Bayer is acquiring Vividion Therapeutics, a US-headquartered biopharmaceutical company utilising novel discovery technologies to unlock high value, traditionally undruggable targets with precision therapeutics, for up to $2 billion.
Vividion’s platform is able to produce a variety of small molecule therapies across indications, with initial focus on targets relevant to oncology and immunology.
Vividion’s lead programs include multiple precision oncology targets and precision immunology targets, with ongoing efforts on a transcription factor NRF2 antagonist for the potential treatment of NRF2 mutant cancers, as well as NRF2 activators for various inflammatory diseases such as irritable bowel disease – among other pre-clinical programs.
Following closing of the acquisition, Bayer will own full rights to Vividion’s proprietary discovery platform, which comprises three integrated, synergistic components: a novel chemoproteomic screening technology, an integrated data portal, and a proprietary chemistry library.
The acquisition of Vividion strengthens Bayer’s small molecule capabilities and expands Bayer’s reach into new modalities.
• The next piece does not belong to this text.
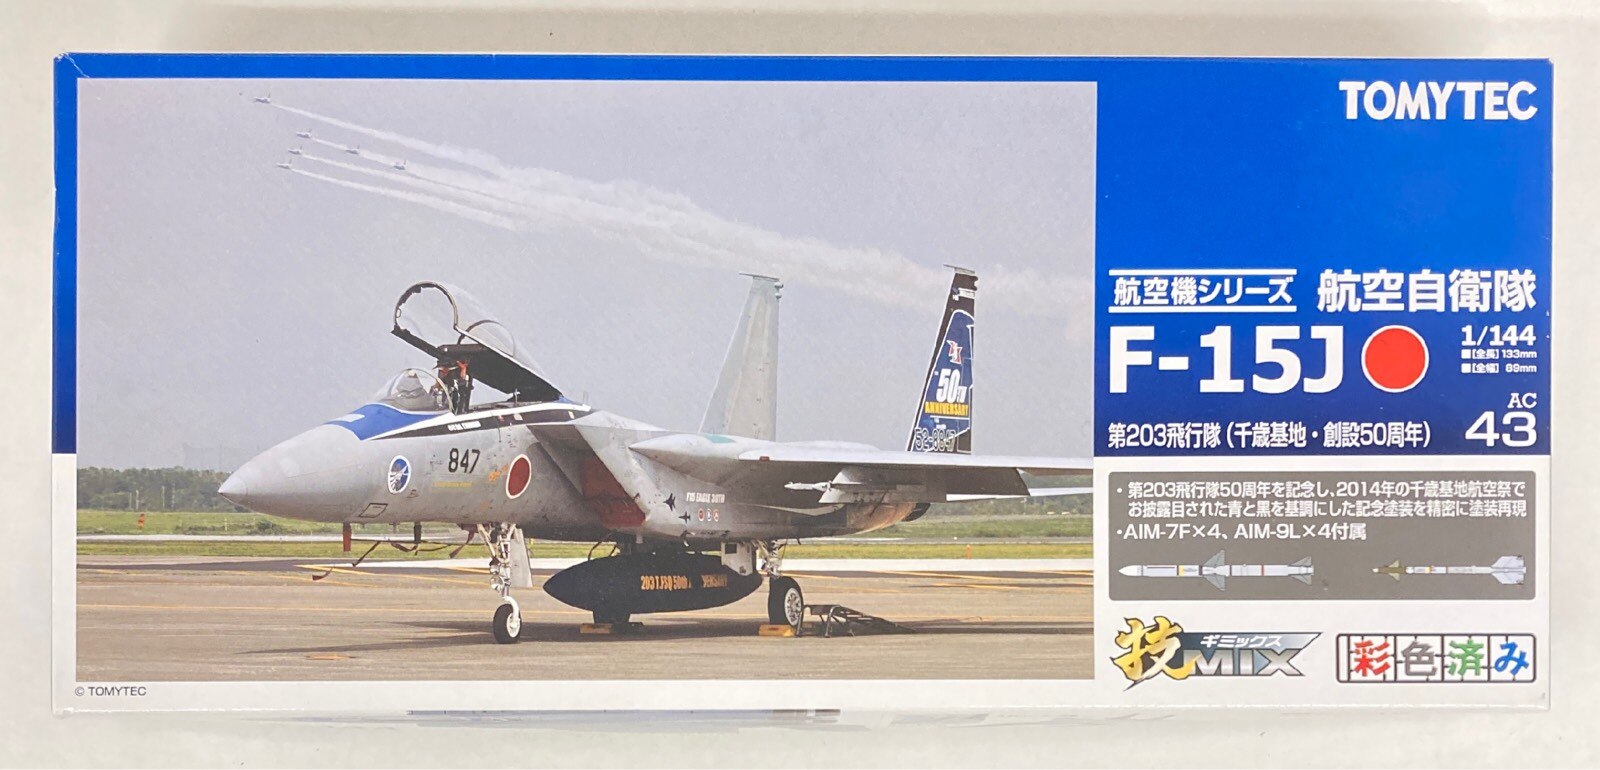 トミーテック 1/144 技MIX 航空機シリーズ 航空自衛隊 F-15J 第203飛行

Under the terms of the agreement, Bayer will pay an upfront consideration of USD 1.5 billion and potential success-based milestone payments of up to USD 500 million.
“This acquisition is a cornerstone of our strategy to fuel our pipeline with breakthrough innovation,” said Stefan Oelrich, Member of the Board of Management, Bayer AG and President of the Bayer’s Pharmaceuticals Division.
“Vividion’s technology is the most advanced in the industry, and it has demonstrated its ability to identify drug candidates that can target challenging proteins.
“Together with Bayer’s existing know-how, we will be able to develop first-in-class drug candidates, increasing the value of our pipeline. We want to provide innovative therapies for patients whose medical needs are not yet met by today’s treatment options.”
Closing of the transaction is contingent on customary closing conditions, including receipt of the required regulatory approvals, and is expected to take place in Q3 2021.